The trouble is that two fallen angels, Bartleby (Ben Affleck) and Loki (Matt Damon), who was cast down by God from heaven many years ago, learned about the Cardinal’s venture. They realized: if they, too, manage to get through that arch, God will be forced to return both to their houses. That is, to admit a mistake. What can happen next is scary to think about.

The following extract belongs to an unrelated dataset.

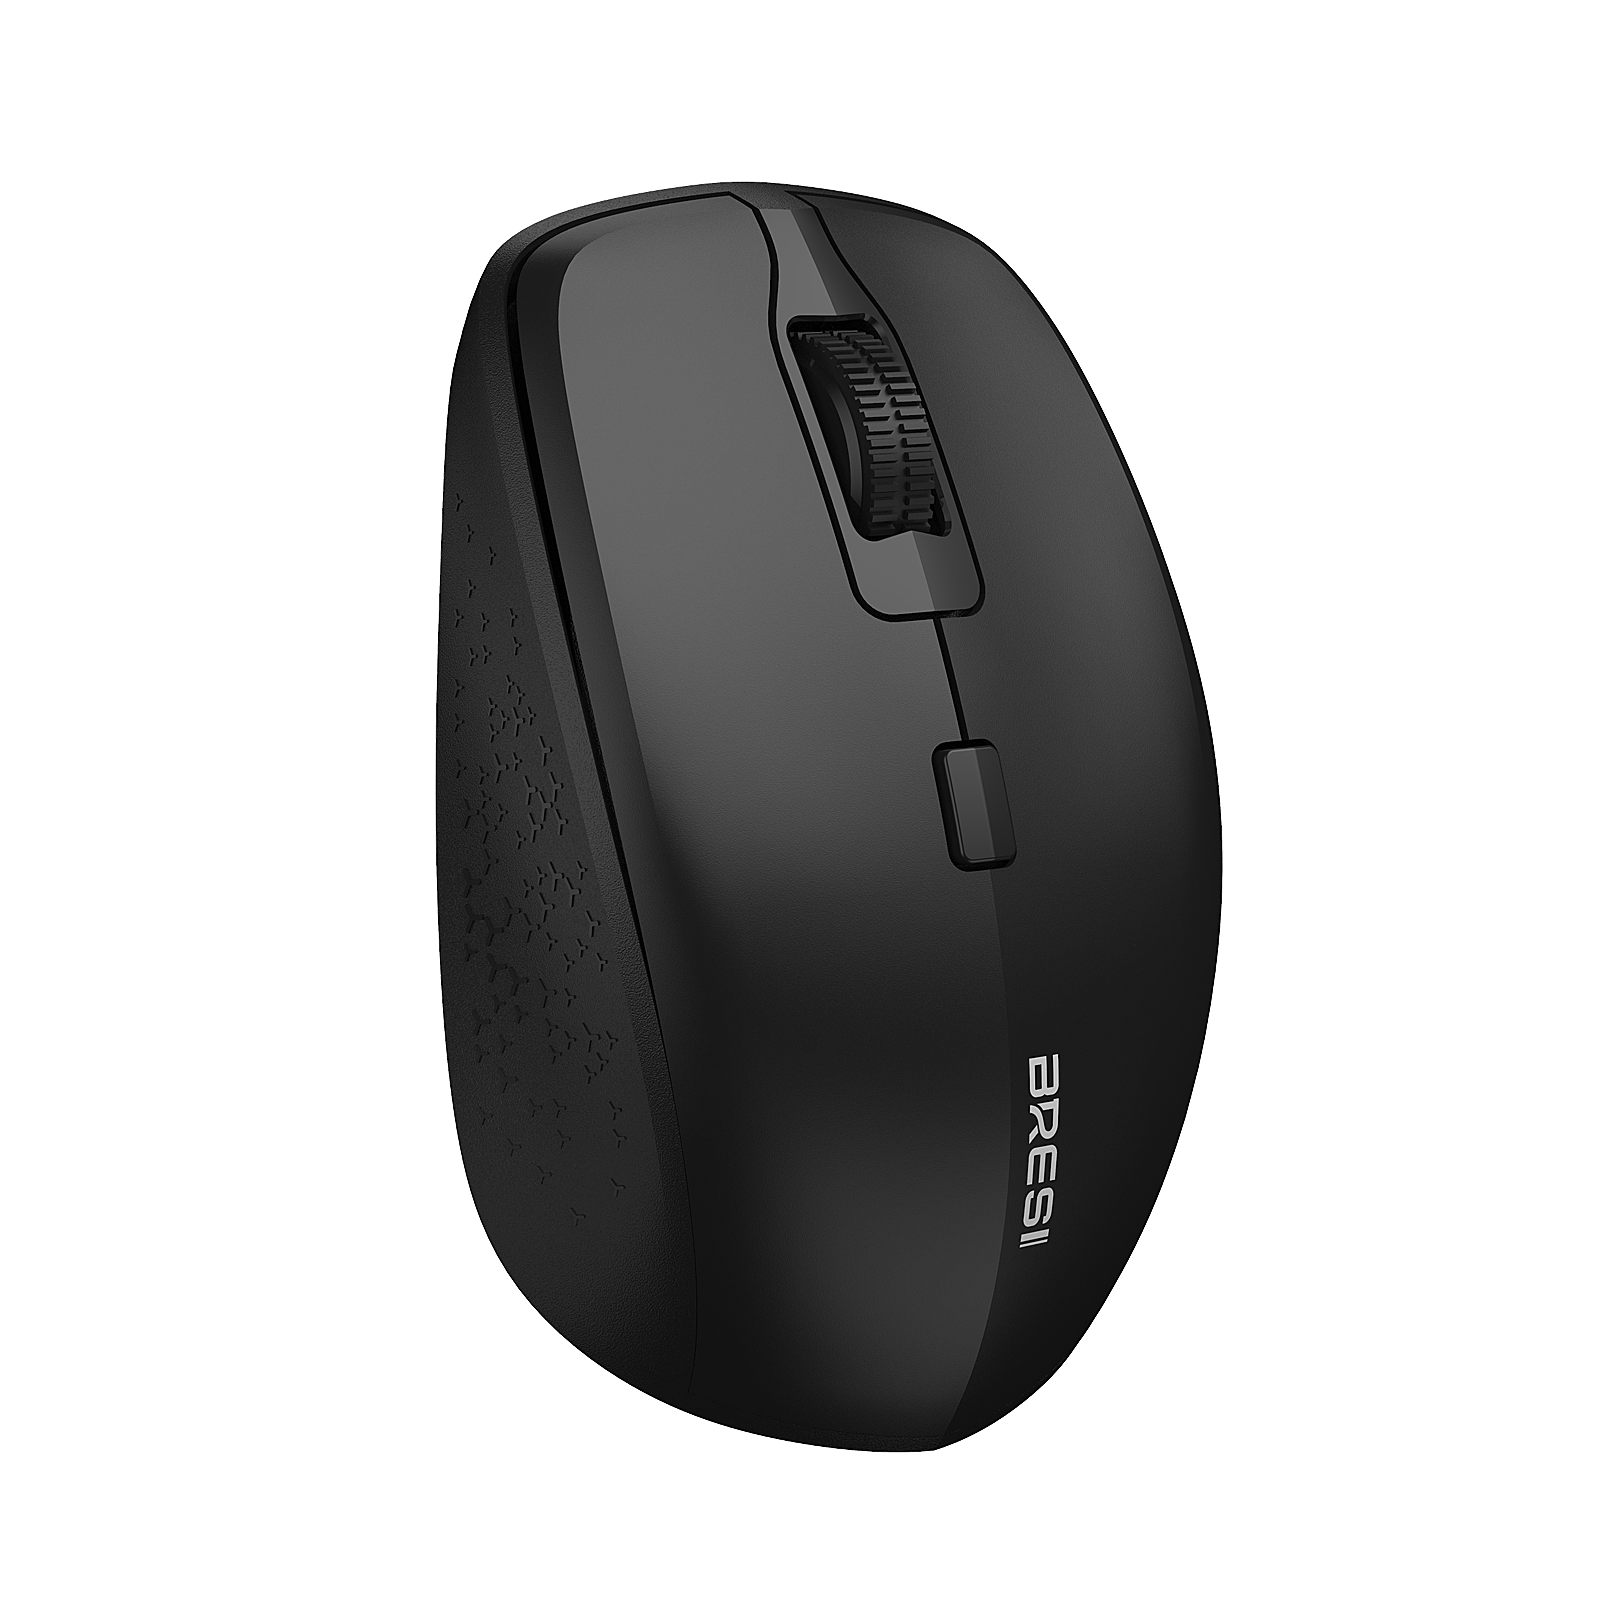  BreSii Bluetooth Wireless Mouse: Bluetooth Mouse for

“The essence of all its diversity and magnificence is based on only one principle – the infallibility of God,” explains the angelic chief Metatron (Alan Rickman). “It is necessary to convict Him of a mistake, and reality will tear to shreds: the top will become the bottom, white black, and being emptiness.” 

And all over. 

There is only one way to save the world: stop the angels. God would have done it in an instant, with one click of his fingers, but, as luck would have it, he disappeared somewhere, so the last hope is for Bethany (Linda Fiorentino), the great-great-great-great-niece of Christ, and her new acquaintances: two sexually anxious prophets, Jay (Jason Muse) with Silent Bob (Kevin Smith), and the black Apostle Rufus (Chris Rock), who joined them, with muse Intuition (Salma Hayek).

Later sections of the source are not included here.